Department of Leukemia, The University of Texas MD Anderson Cancer Center, Houston, Texas 77030, USA.
Clin Cancer Res. 2013 Apr 15;19(8):1933-40. doi: 10.1158/1078-0432.CCR-12-0284. Epub 2013 Feb 13.
Aberrant activation of the JAK/STAT pathway has been reported in a variety of disease states, including inflammatory conditions, hematologic malignancies, and solid tumors. For instance, a large proportion of patients with myeloproliferative neoplasms (MPN) carry the acquired gain-of-function JAK2 V617F somatic mutation. This knowledge has dramatically improved our understanding of the pathogenesis of MPNs and has facilitated the development of therapeutics capable of suppressing the constitutive activation of the JAK/STAT pathway, now recognized as a common underlying biologic abnormality in MPNs. Ruxolitinib is an oral JAK1 and JAK2 inhibitor that has recently been approved for the treatment of myelofibrosis and has been tested against other hematologic malignancies. A series of agents with different specificities against different members of the JAK family of proteins is currently undergoing evaluation in clinical trials for patients with MPNs, lymphoma, and solid tumors such as breast or pancreatic cancer. Despite the significant clinical activity exhibited by these agents in myelofibrosis, some patients fail to respond or progress during JAK kinase inhibitor therapy. Recent reports have shed light into the mechanisms of resistance to JAK inhibitor therapy. Several approaches hold promise to overcome such resistance.

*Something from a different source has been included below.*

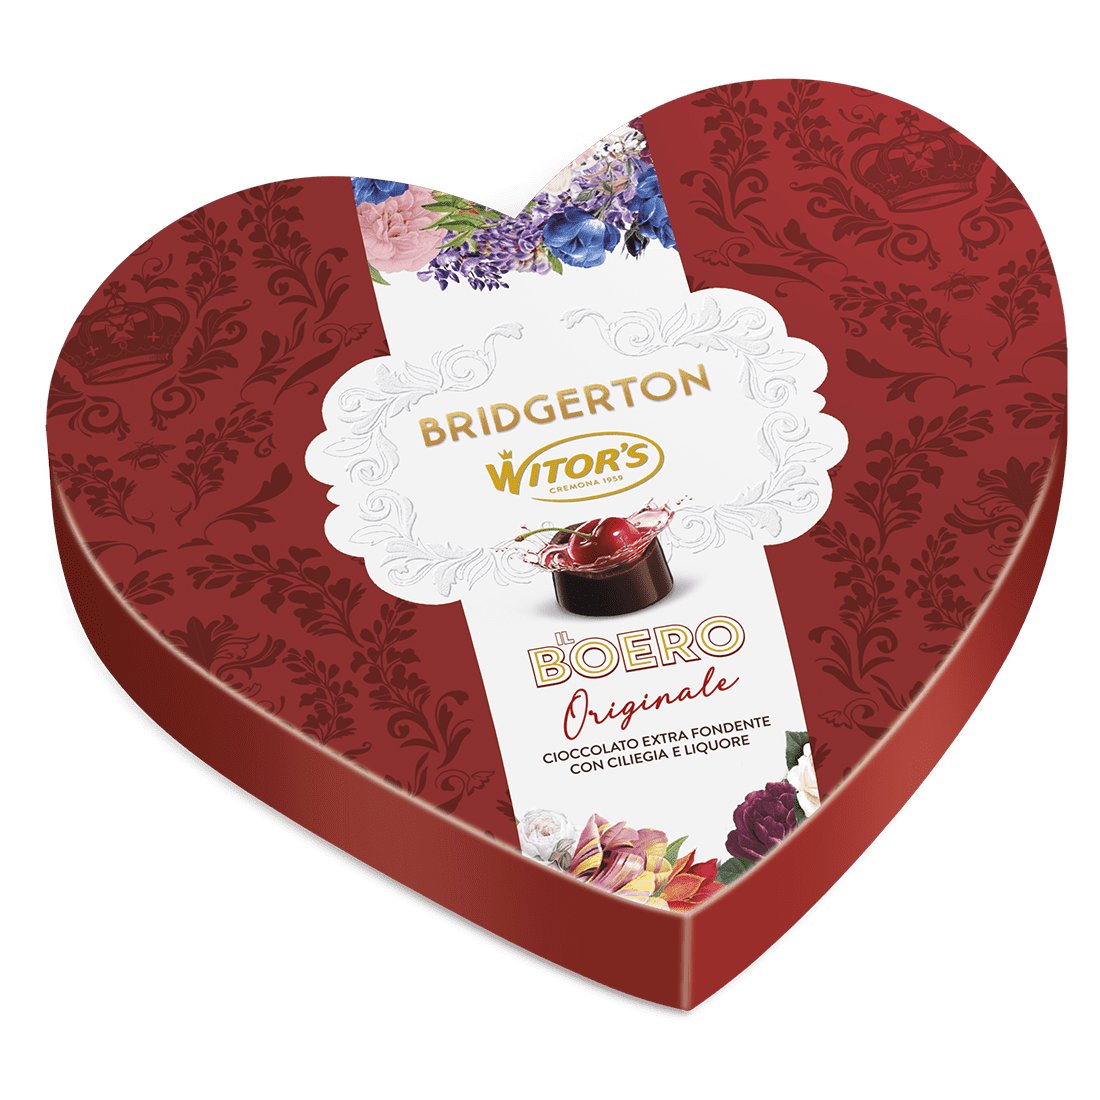 Una scatola di cioccolatini con dedica per la tua dolce metà

异常激活的 JAK/STAT 通路已在多种疾病状态中被报道,包括炎症性疾病、血液恶性肿瘤和实体肿瘤。例如,很大一部分骨髓增殖性肿瘤(MPN)患者携带获得性功能获得性 JAK2 V617F 体细胞突变。这一认识极大地提高了我们对 MPN 发病机制的理解,并促进了能够抑制 JAK/STAT 通路组成性激活的治疗方法的发展,现在被认为是 MPN 中的一种常见潜在生物学异常。芦可替尼是一种口服 JAK1 和 JAK2 抑制剂,最近已被批准用于治疗骨髓纤维化,并已针对其他血液恶性肿瘤进行了测试。一系列针对 JAK 蛋白家族不同成员的具有不同特异性的药物目前正在临床试验中评估用于 MPN、淋巴瘤和实体瘤(如乳腺癌或胰腺癌)患者。尽管这些药物在骨髓纤维化中表现出显著的临床活性,但一些患者在 JAK 激酶抑制剂治疗期间未能应答或进展。最近的报告揭示了对 JAK 抑制剂治疗产生耐药性的机制。有几种方法有望克服这种耐药性。